* Information supplied:
^^^^

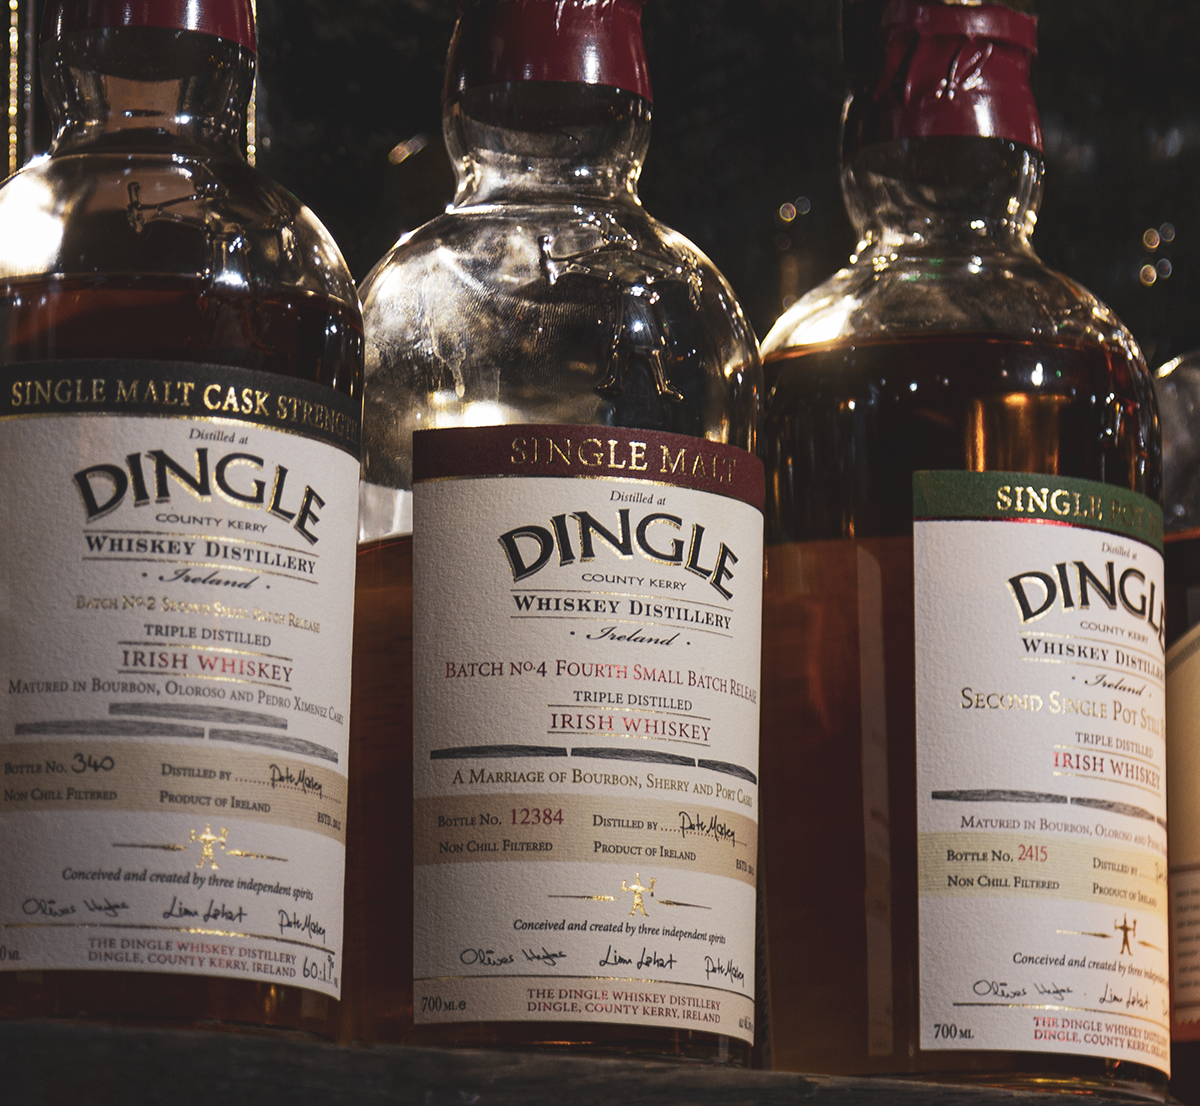 Bottles of Dingle Single Malt Whiskey on a bar shelf. Photo ©2019, Mark Gillespie/CaskStrength Media.
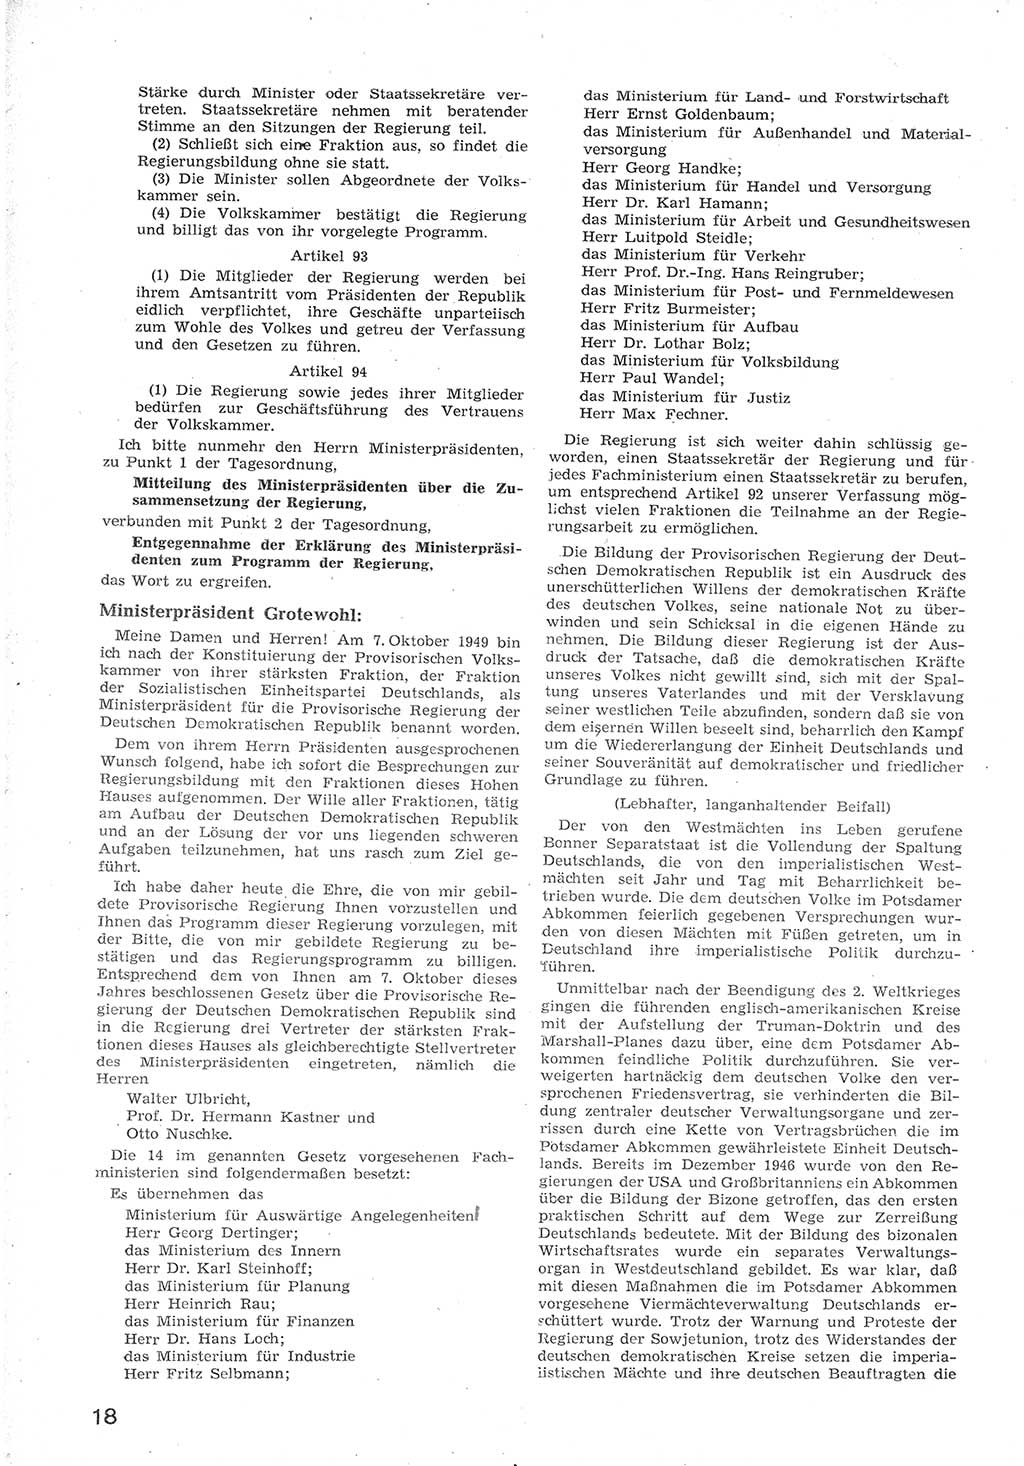 Provisorische Volkskammer (VK) der Deutschen Demokratischen Republik (DDR) 1949-1950, Dokument 30 (Prov. VK DDR 1949-1950, Dok. 30)
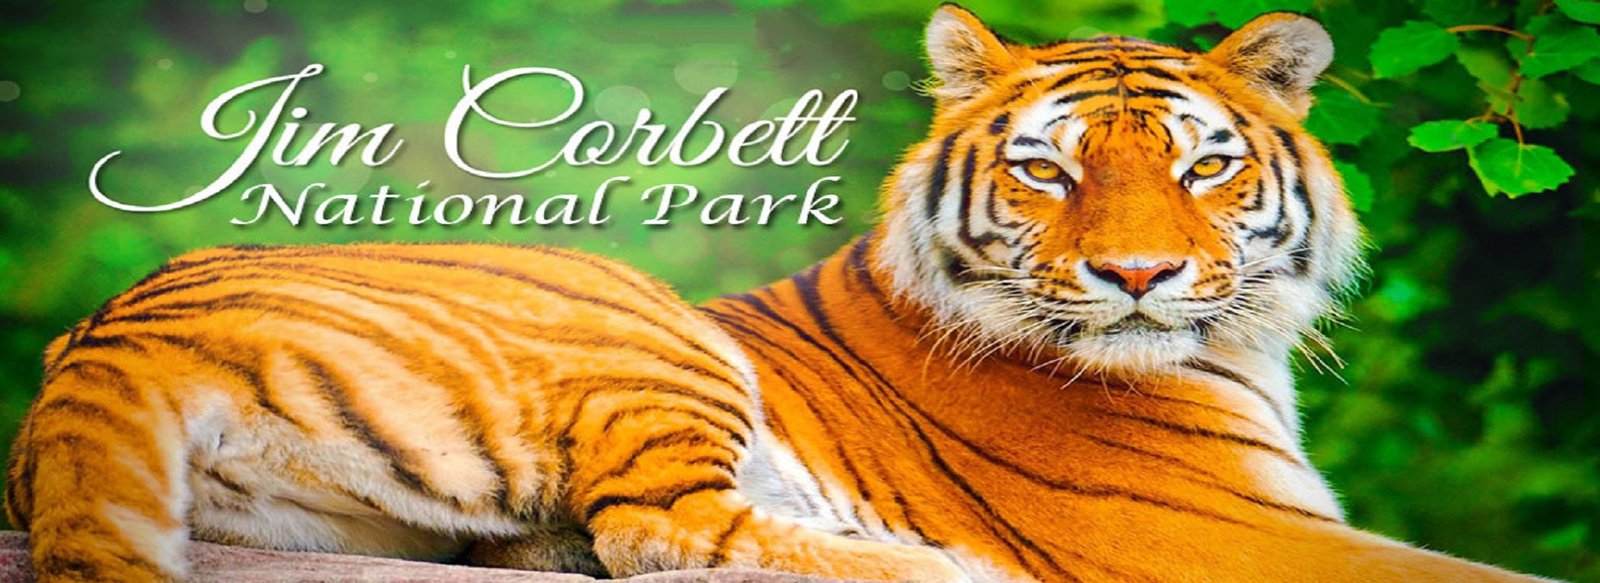 Jim Corbett National Park- Complete Travel Tips
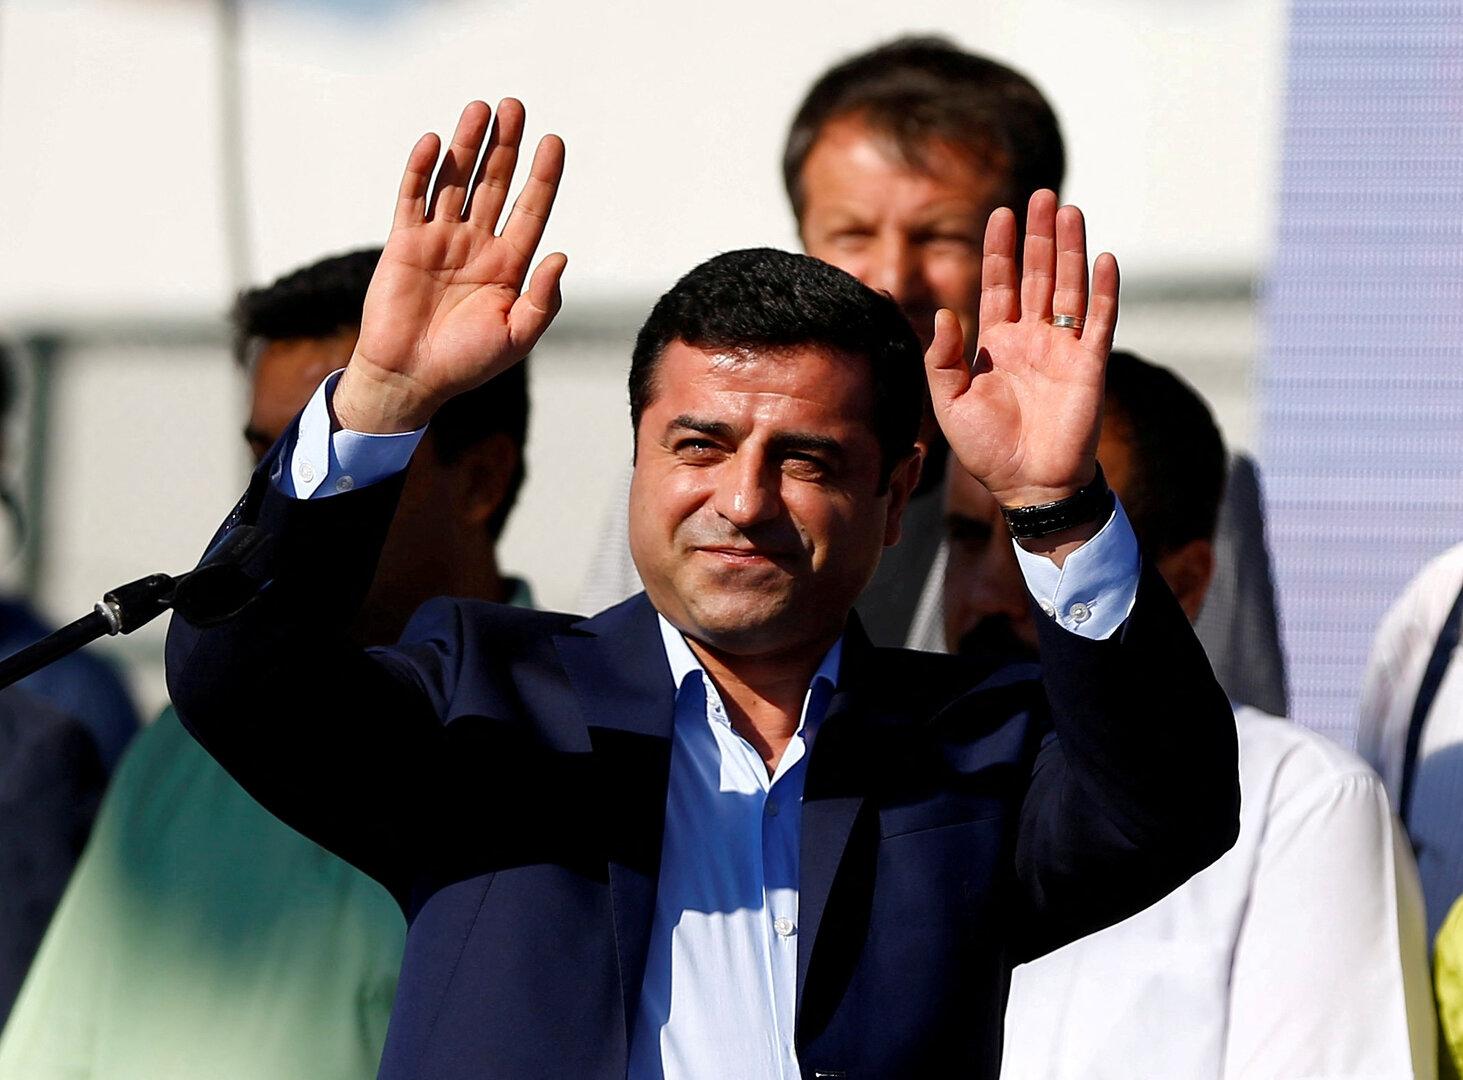 Türkisches Gericht verurteilt prokurdischen Politiker zu 42 Jahren Haft

^^^^

* Try it: Your copy of the data should match it exactly, apart from the images, which are omitted.

* Written response:
 Bottles of Dingle Single Malt Whiskey on a bar shelf. Photo ©2019, Mark Gillespie/CaskStrength Media.
 Provisorische Volkskammer (VK) der Deutschen Demokratischen Republik (DDR) 1949-1950, Dokument 30 (Prov. VK DDR 1949-1950, Dok. 30)
 Jim Corbett National Park- Complete Travel Tips
 Türkisches Gericht verurteilt prokurdischen Politiker zu 42 Jahren Haft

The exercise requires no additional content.